Have you heard about what's happening on April 15? Because it's not just Tax Day.

The biggest protest ever to raise the wage is happening on April 15. And Upworthy is covering it all day.

On April 15, 2015, fast-food workers, child care workers, airport workers, and even adjunct professors are joining together all across the United States.

Minimum-wage workers will protest in various cities in the U.S. (and the world!).

They started organizing in November 2012 with only 200 workers in New York City. That grew to over 150 cities and thousands of minimum-wage workers in 2013. In 2014, the thing went global, with actions in 33 countries across six continents.

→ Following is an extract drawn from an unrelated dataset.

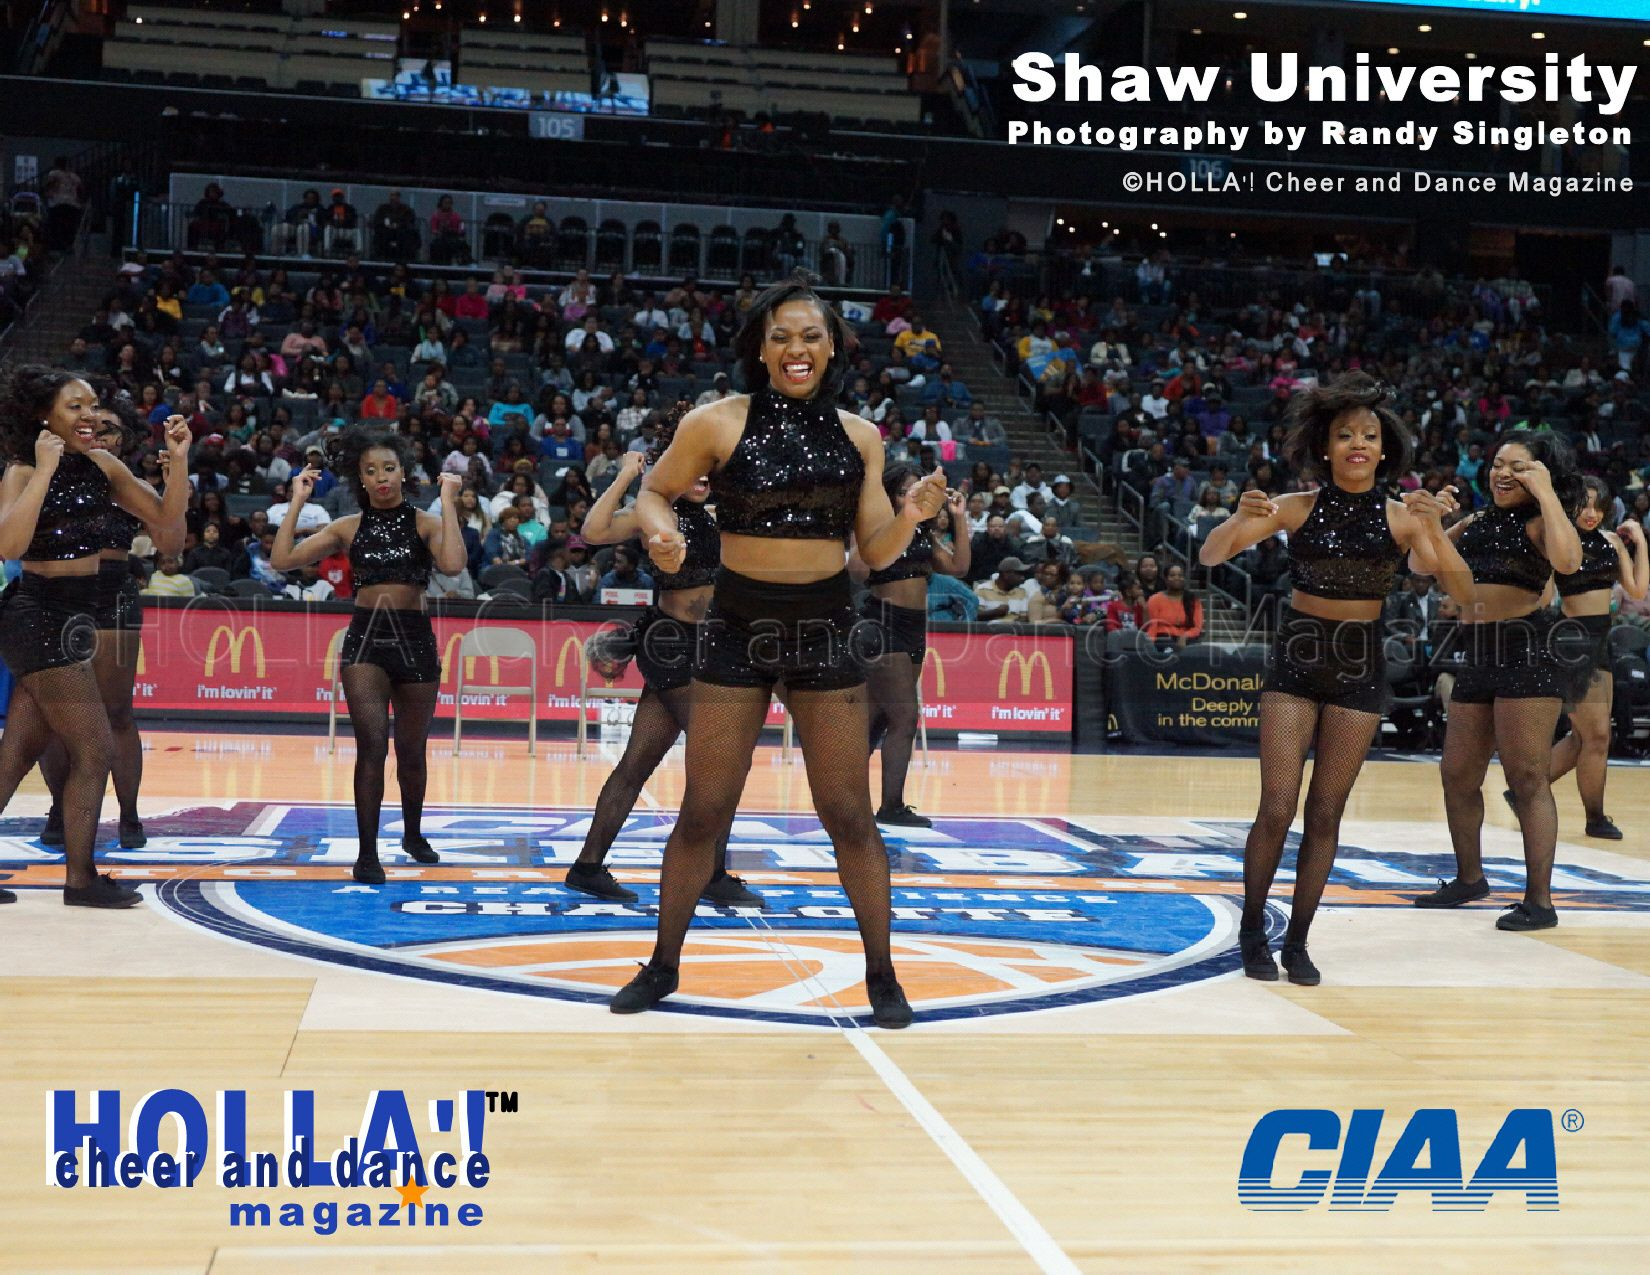 Shaw university see more ciaa cheerleading exhibition

And what happens in 2015 ... that's up to everybody who participates!

What do they want? A livable wage of $15 an hour and a union. When do they want it? As soon as humanly possible. That's what the Fight for $15 is all about!

So, like, yesterday would be nice.

See, these employees want to make enough to live, not just scrape by.

These are actual fast-food strikers who are living on the minimum wage. Note that they aren't just bored teenagers trying to make a little extra money to pay for Pokemon cards or whatever it is that teenagers are into these days. They are adults.

I just checked my watch and it's minimum-wage fact-o'clock, so let's get real:

  • At a whopping 75%, adults are the majority of minimum-wage earners.
  • At least 70% of those minimum-wage-earning adults have a high school degree or some college under their belts.
  • The majority of adults making minimum wage? Adult women, at 48.5%.

Here's some fancy pie charts to illustrate this point further, just in case you're into pie. Or charts.

Just like this, but tastier and full of facts about the minimum wage. Mmm.

McDonald's made some progress here when it announced a raise for employees earlier this year. But it's not enough.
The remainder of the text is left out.